This is one of the most common myths I hear people repeat to me. It is a mystery as to how it has attained mythical status but let me be clear – there is no such thing! Ok, so there was such a thing but it was abolished in 1753, getting on for nearly 300 years ago! Does that mean that the concept has been passed down for all those years through the generations? Anyway, I digress.
Currently, the simple position is that when a relationship of two people who were not married or in a civil partnership breaks down, the Courts’ powers are limited. Separated partners can ask the Courts to deal with the regulation of ownership and sale of property on principles of Trust and Property Law. They can potentially seek financial support from their ex-partner for the benefit of their children pursuant to Schedule 1 to the Children Act 1989. They can apply for Child Arrangements and other Orders from the Courts pursuant to the Children Act 1989. Unfortunately for separating partners, this is largely the extent of it. The Courts are not concerned with fairness or the overall picture or maintenance for the benefit of one of the former partners.
However, there has now been talk for many years about reform of the law in this area.
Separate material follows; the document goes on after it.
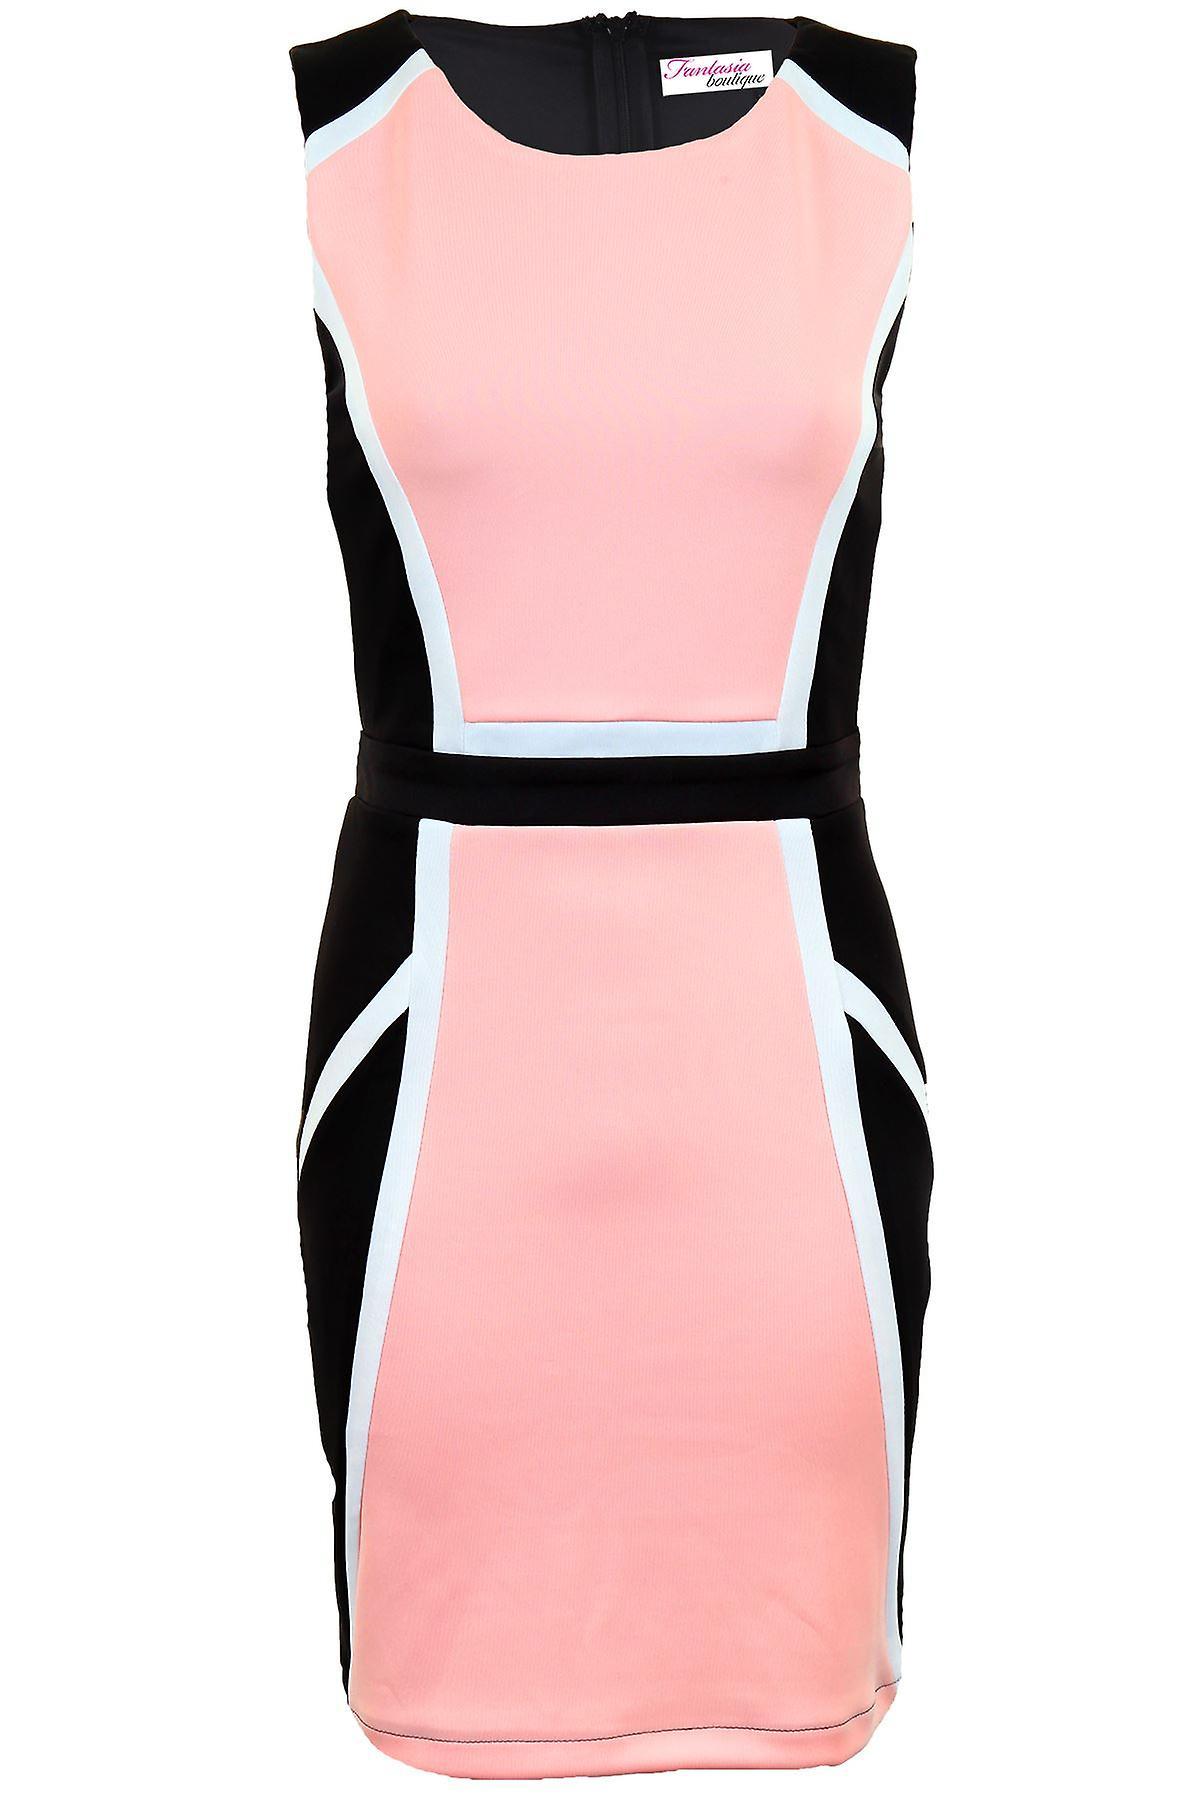 Ladies Sleeveless Black Contrast Panel Women's Bodycon Evening Smart Dress

The Law Commission published a report as long ago as in 2007 recommending certain changes to the law as it affects cohabiting couples but until recently this has been side-lined by the Government.
The good news is that a proposed Bill, the Cohabitation Rights Bill, has now started its journey through the Houses and received its first reading in February, although the second reading is yet to be scheduled so if the draft Bill does make its way into law, it isn’t going to be any time soon!